Recorded information section start
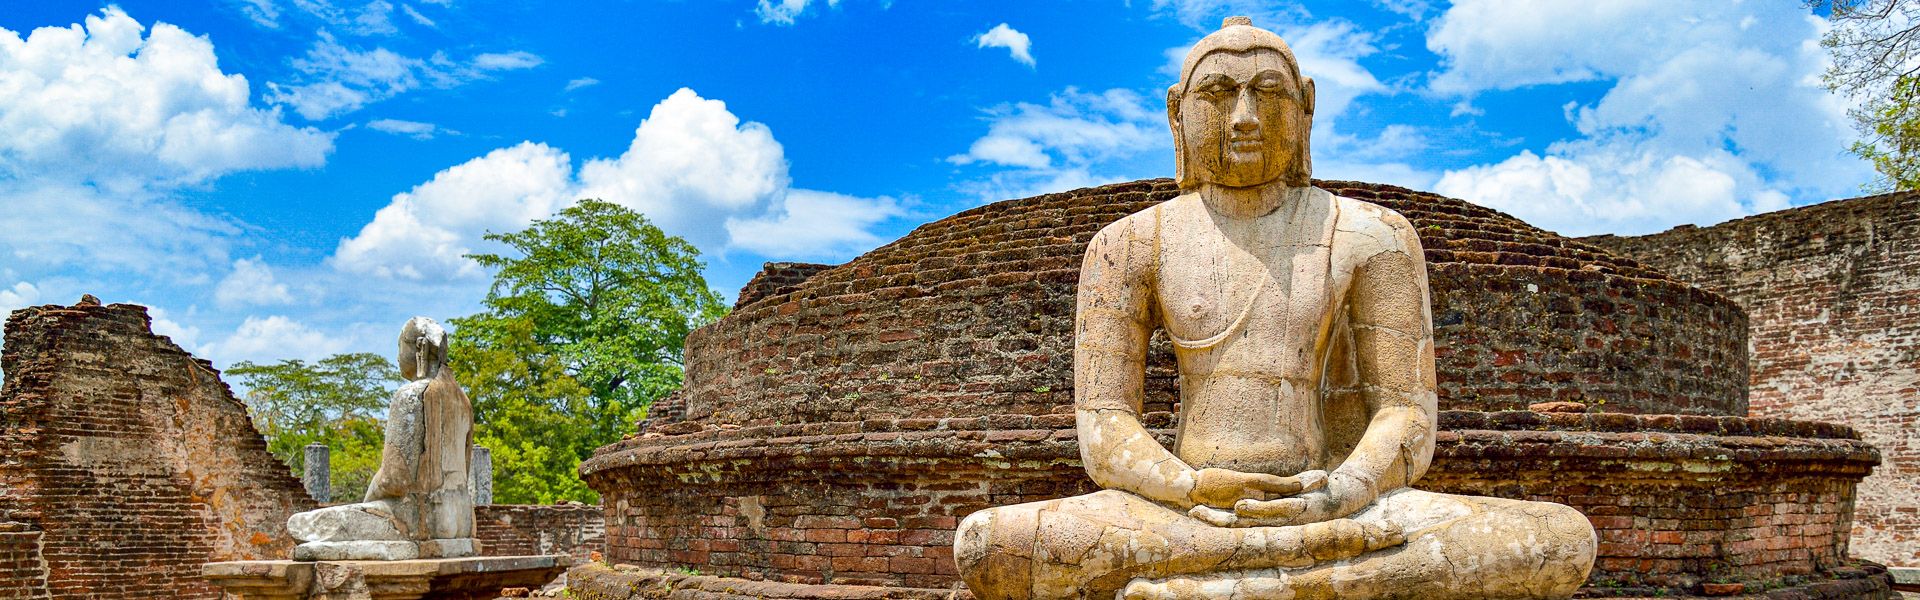 Buddhas von Polonnaruwa |  Michael Brem / Chamleon
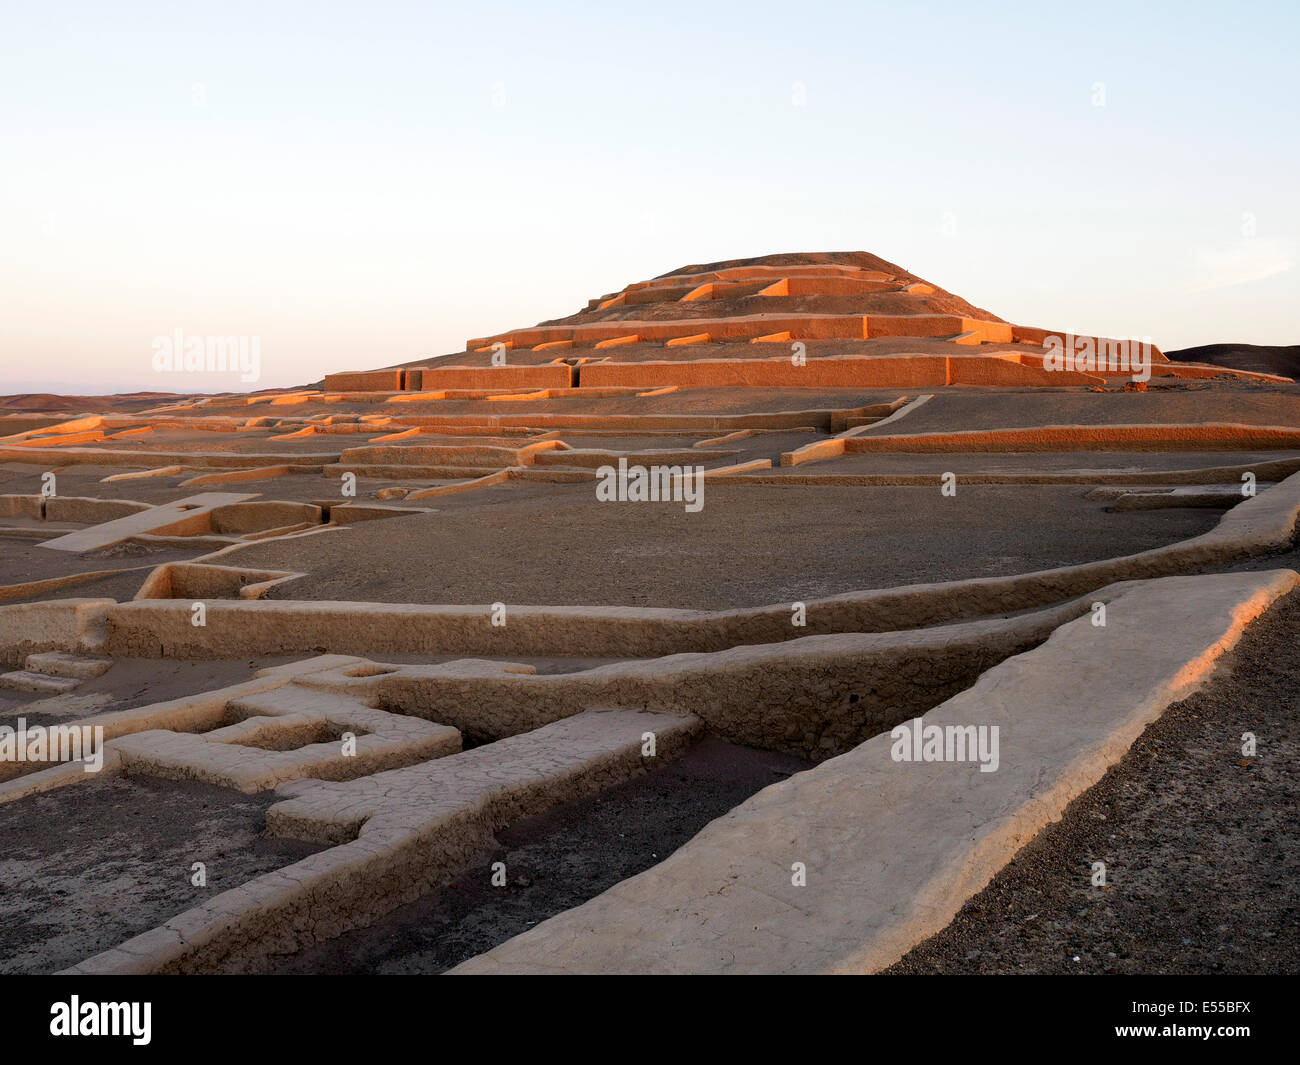 Adobe pyramid in the Cahuachi ceremonial center of the Nazca culture - Nazca, Peru. Stock Photo
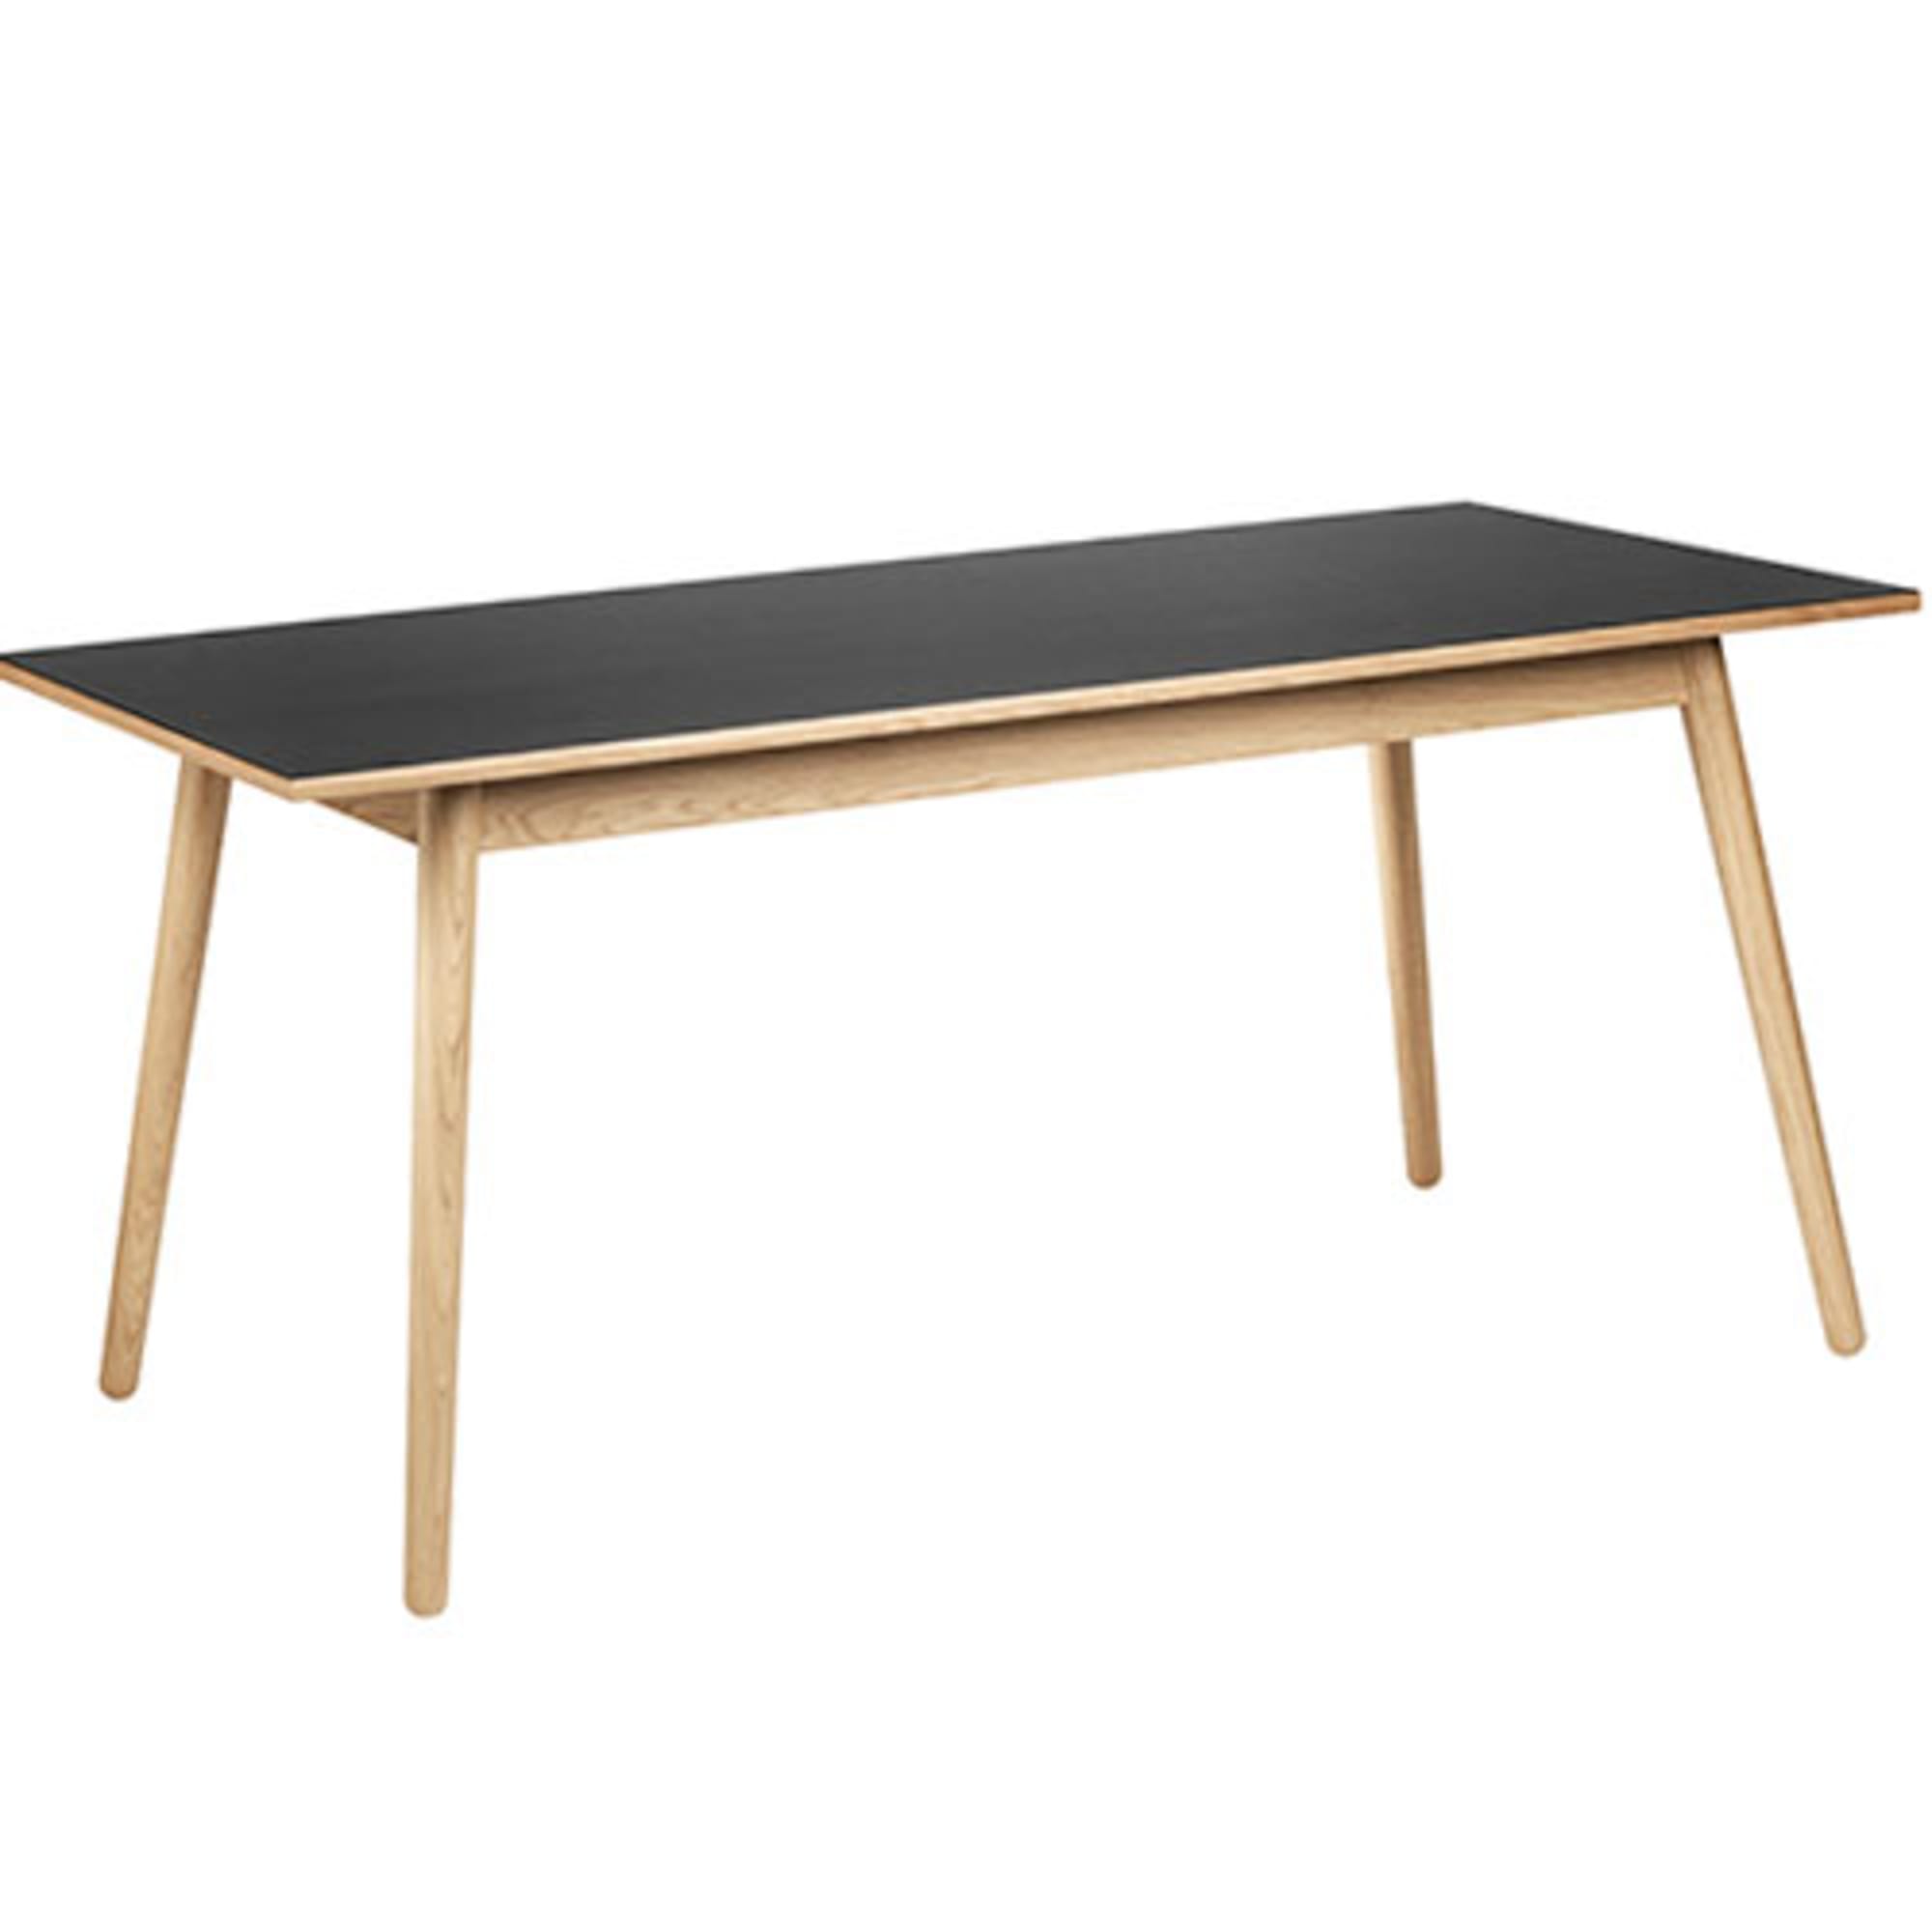 Fdb Møbler C35 C Dining Table For 8 Persons Oak, Black Linoleum Top, 95x220cm
Recorded information section end
• **Exercise**: Apart from the pictures, every line of the data above should be given again exactly.

• **Result below**:
 Buddhas von Polonnaruwa |  Michael Brem / Chamleon
 Adobe pyramid in the Cahuachi ceremonial center of the Nazca culture - Nazca, Peru. Stock Photo
 Fdb Møbler C35 C Dining Table For 8 Persons Oak, Black Linoleum Top, 95x220cm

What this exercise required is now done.